Daily Briefing: Thurs.
EMERGING MARKET: The likelihood of a White House farmers market seems to be growing. Green thumbs have been flying across keyboards and cell phones since President Obama first planted the seed in the public's mind a few weeks ago, mentioning that he and First Lady Michelle Obama have been considering opening a farmers market near the White House. A nonprofit group called Fresh Farm Markets — which is working with the Obamas, according to city officials — has filed an application to close Vermont Avenue north of the White House on Thursday afternoons through Oct. 29, and Obama chef/garden consultant Sam Kass has appeared at public meetings to support the proposal. While Michelle Obama has become a home-gardening hero around the country for her White House vegetable garden, and has made improving national nutrition her top issue, she and other White House officials are denying that she's behind the farmers market. (Sources: Washington Post, Guardian, DCist)

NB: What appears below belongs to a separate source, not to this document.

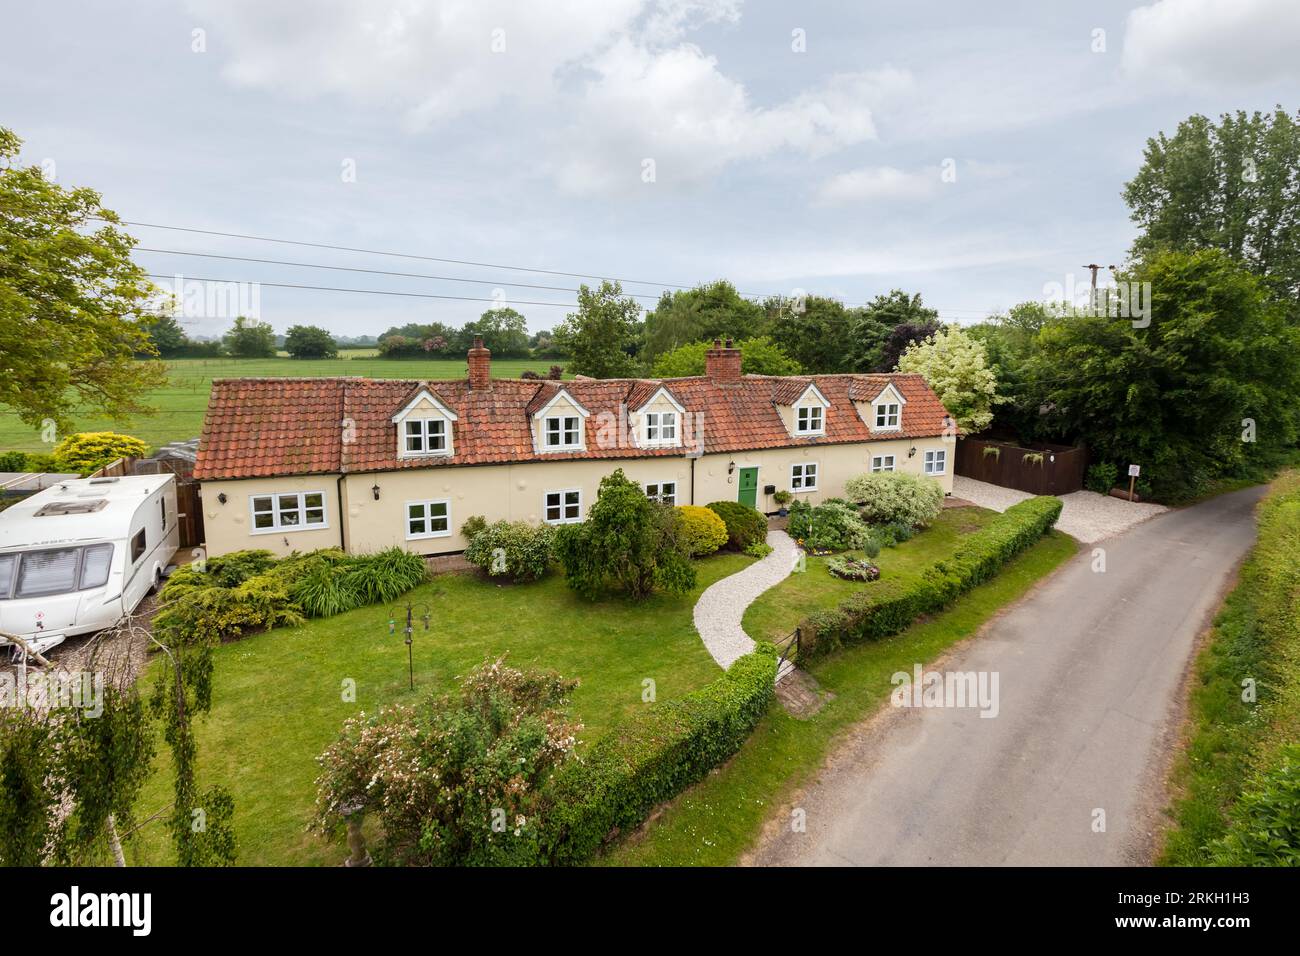 Mill View, Cowlinge, Suffolk, England - Mai 29 2018: Traditionelles ländliches suffolk-Cottage mit Blick von oben, mit Pantillendach und Landschaftsgarten Stockfoto

GRAY AREA: A federal judge has ruled that gray wolf hunts can continue in the Northern Rockies, where the animal was virtually wiped out a few decades ago and was removed from the endangered species list just a few months ago. U.S. District Judge Donald Molloy shot down an attempt by conservation groups to stop the hunts, citing biologists who say gray wolf populations could sustain up to a 30 percent yearly kill rate without long-term harm. (Current plans involve killing 1,350 wolves, a roughly 20 percent reduction.) While that left some conservationists howling, Molloy still threw them a bone — he pointed out that the Fish and Wildlife Service apparently broke the law by delisting the wolf in Idaho and Montana but not Wyoming. "The service has distinguished a natural population of wolves based on a political line, not the best available science," he said. "That, by definition, seems arbitrary and capricious." It could also help the ongoing lawsuit against the FWS, in which various groups are trying to get the gray wolf relisted as an endangered species. Four gray wolves have already been shot in Idaho since that state's season began Sept. 1, and Montana's season is scheduled to begin next week. (Sources: Associated Press, Los Angeles Times, Christian Science Monitor, Seattle Post Intelligencer)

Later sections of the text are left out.